The LKA man looked in her accounts for clues as to whether Susanne G. might want to end her bourgeois life "with a hard cut", "in order to lead an underground life". He did not find his hypothesis confirmed in her account transactions. The payment to the party alone ended in March 2020, all other payments to insurance companies, including a gym, continued. He encountered other notable account movements, however. Several members of the III. Weges transferred money to Susanne G. She also supported other people from the right-wing scene financially. Among them is a man from the environment of the terrorist group "National Socialist Underground" (NSU). According to the investigation, Susanne G. transferred 100 euros in 2017 to André E. As "prisoner aid," as the LKA man says.

The Munich Higher Regional Court sentenced André E. in July 2018 for supporting the NSU.

In September 2017 he came into custody after the federal prosecutor's office in the NSU trial demanded twelve years imprisonment for E. among other things for aiding and abetting attempted murder.
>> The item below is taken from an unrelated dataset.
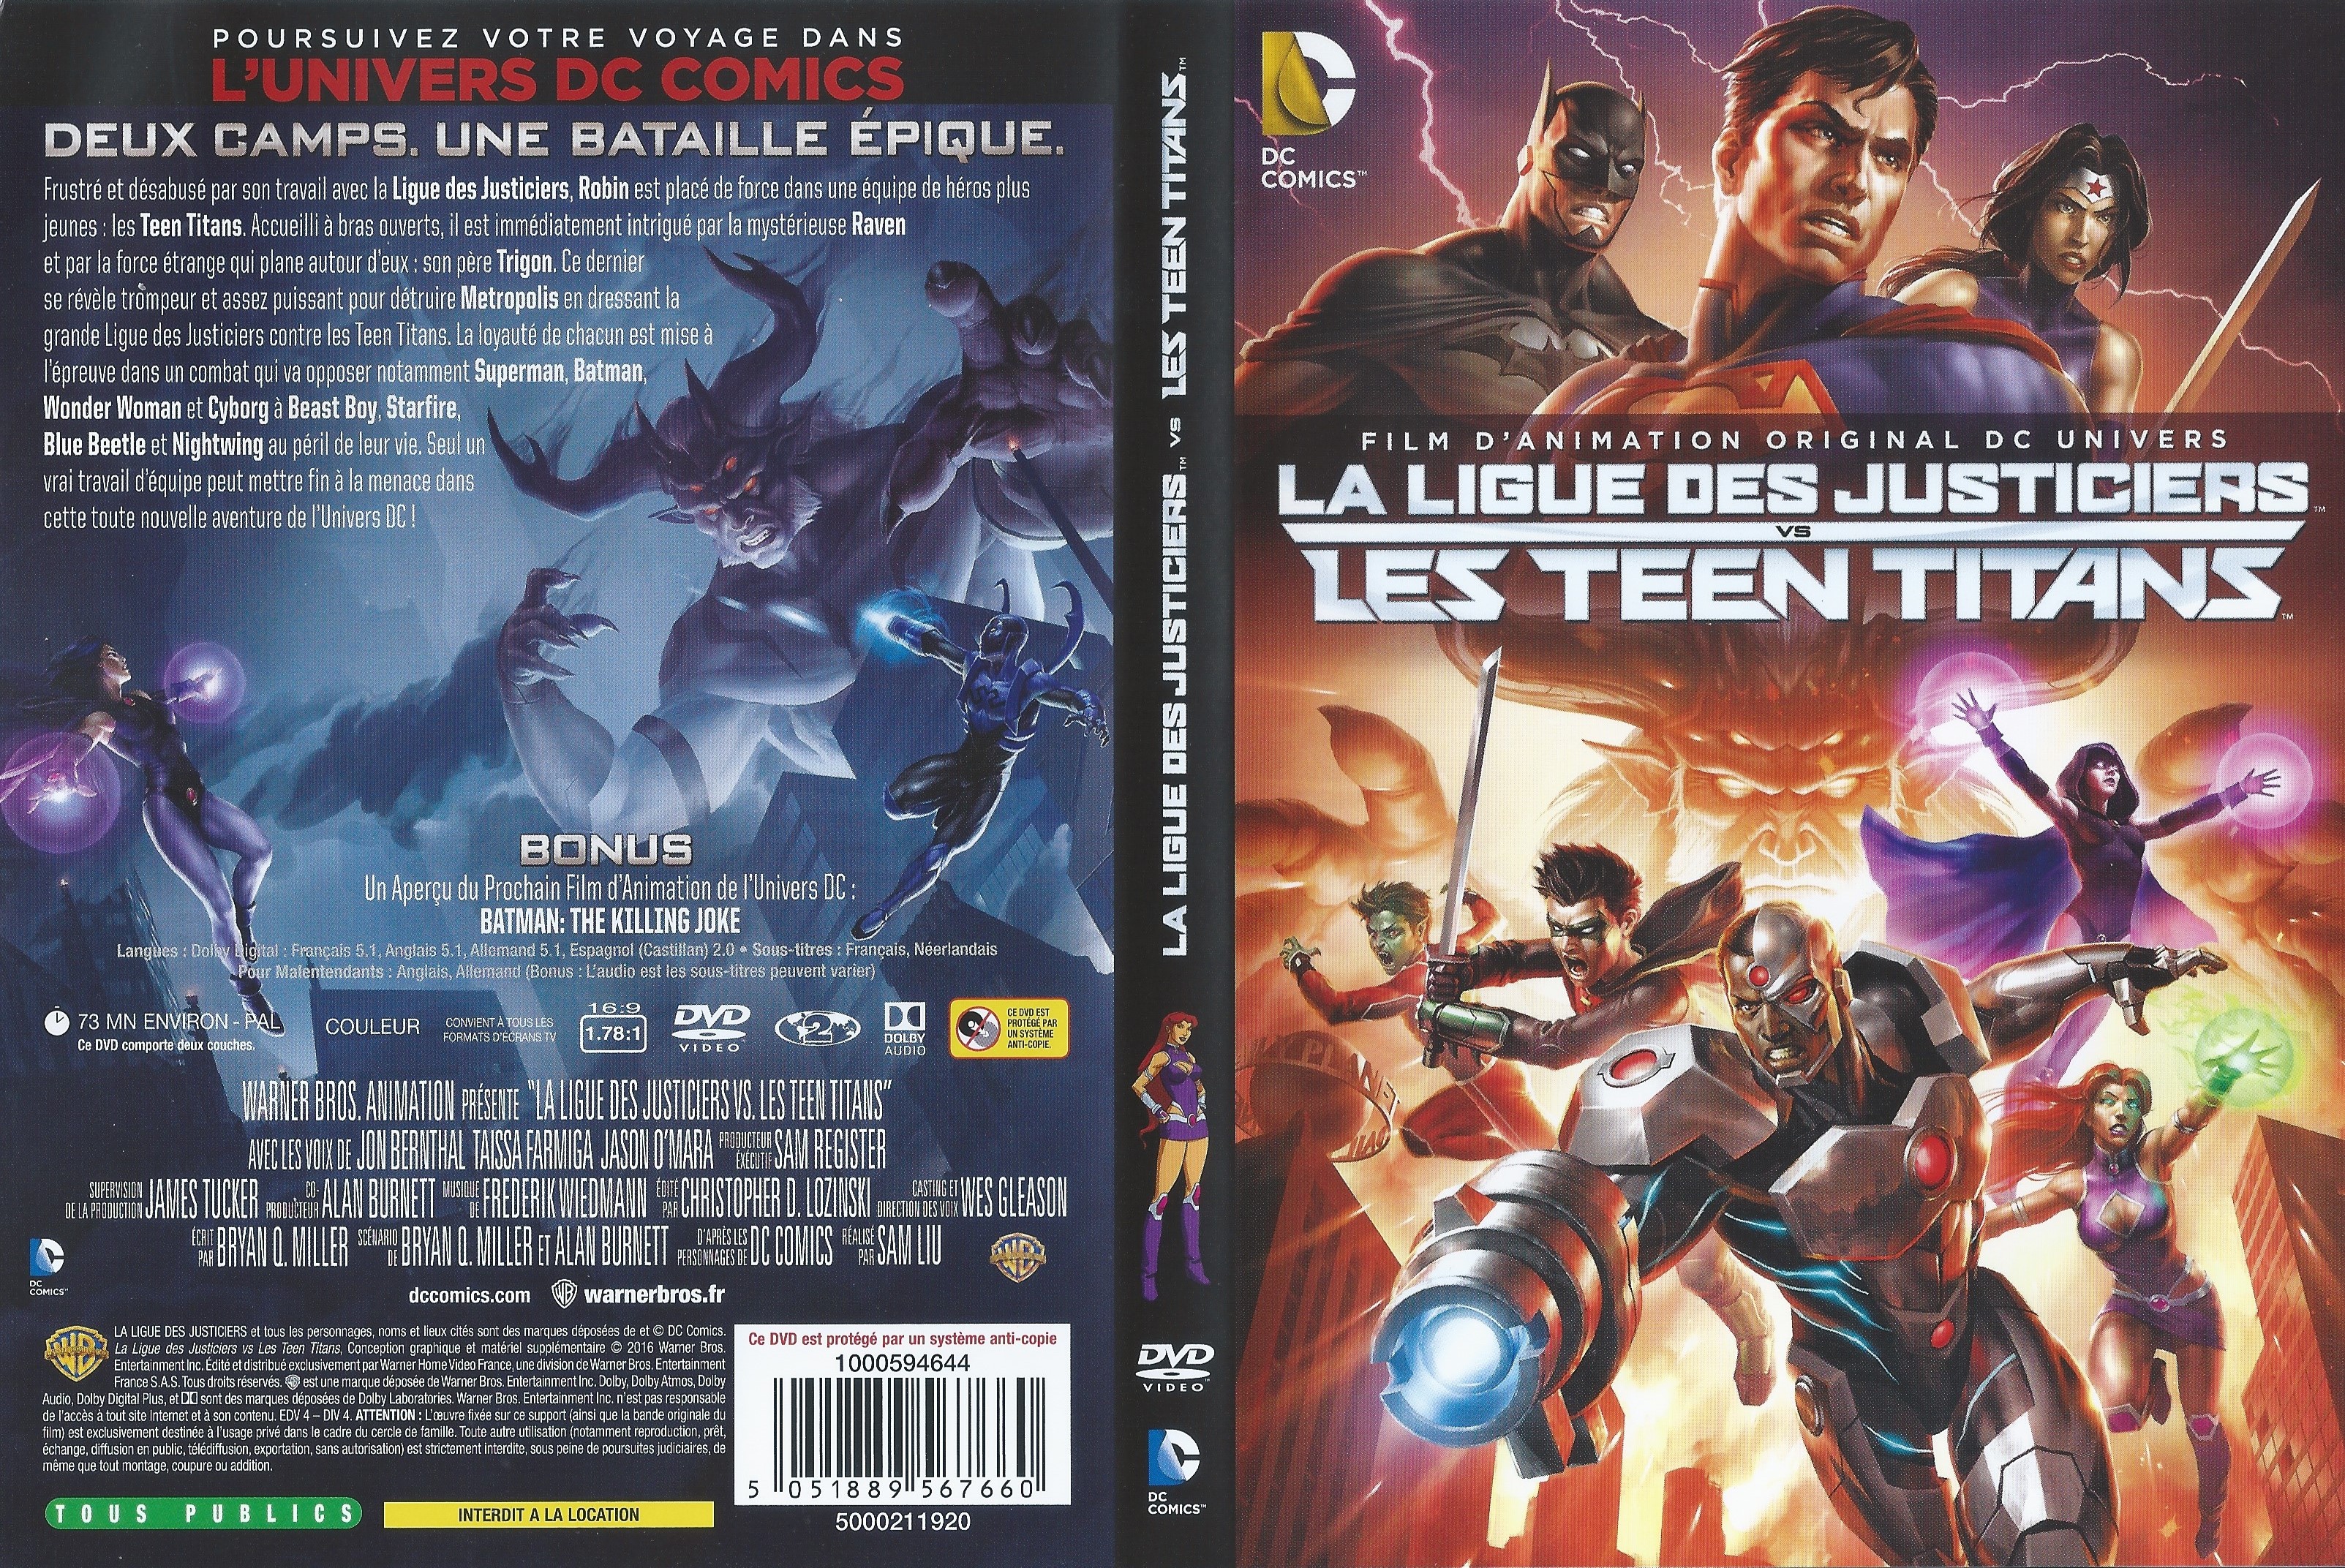 Jaquette DVD La ligue des justiciers Les teen titans

Three quarters of a year later the Senate sentenced him to just two and a half years in prison.

The judges did not see as proven that he wanted to help the NSU terrorists with their assassinations.
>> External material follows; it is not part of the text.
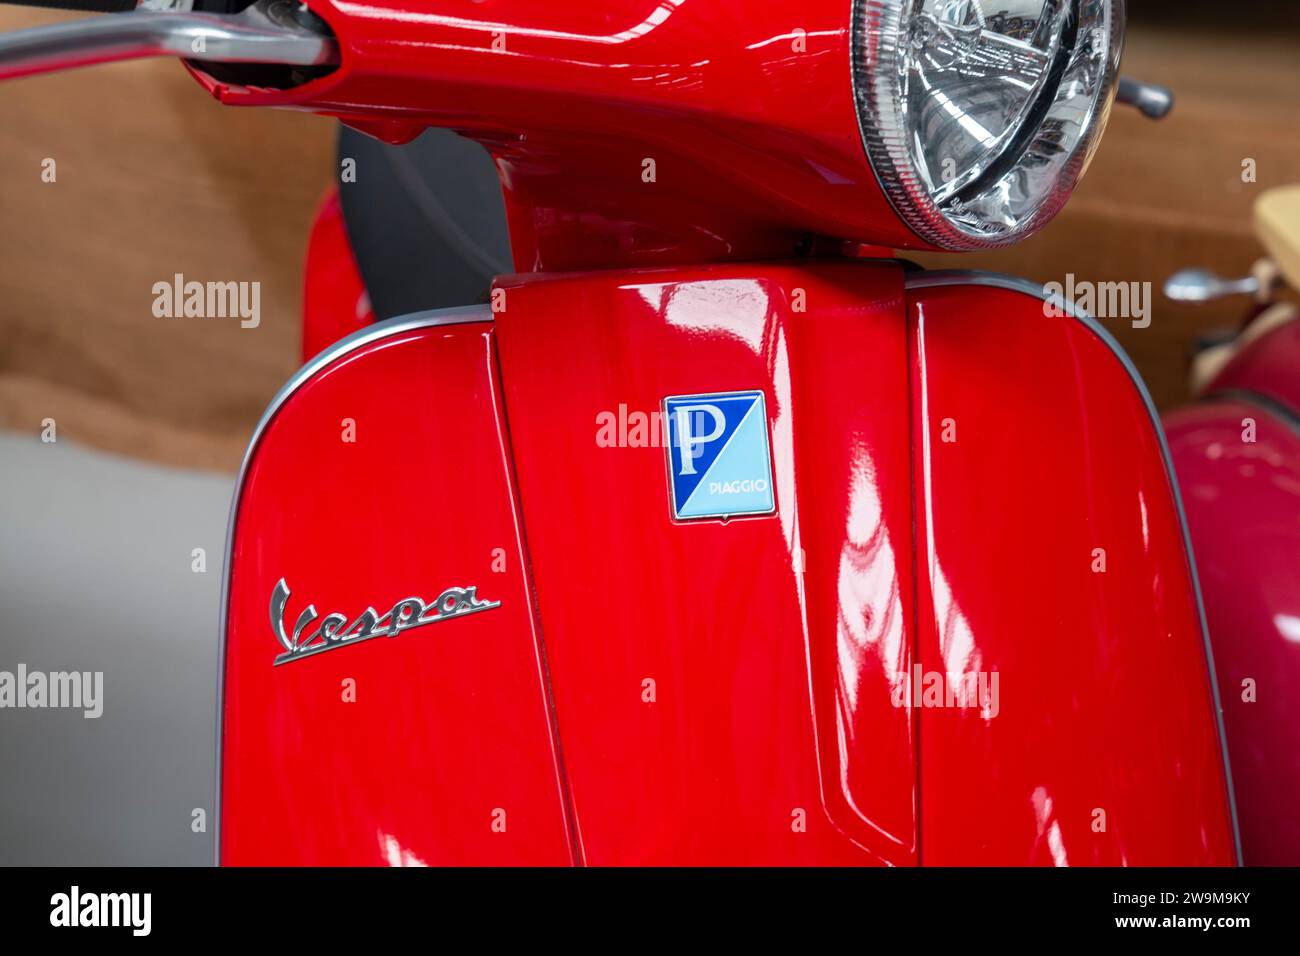 Red Vespa Piaggio LX 50 scooter Stock Photo

The Senate overturned the arrest warrant in its 2018 ruling.

André E. was released - and Susanne G. picked him up from prison.

This is what the chief detective said in court on Friday.

Letters to Ralf Wohlleben

Letters to André E. and to another helper of the NSU were also found at Susanne G.'s: Ralf Wohlleben.

Wohlleben was convicted of aiding and abetting murder on nine counts.

He is said to have helped the NSU terrorists to get the gun with which Uwe Böhnhardt and Uwe Mundlos shot nine people of Turkish and Greek origin.

Susanne G. had a permanent visitor's permit to visit Wohlleben and André E. in prison.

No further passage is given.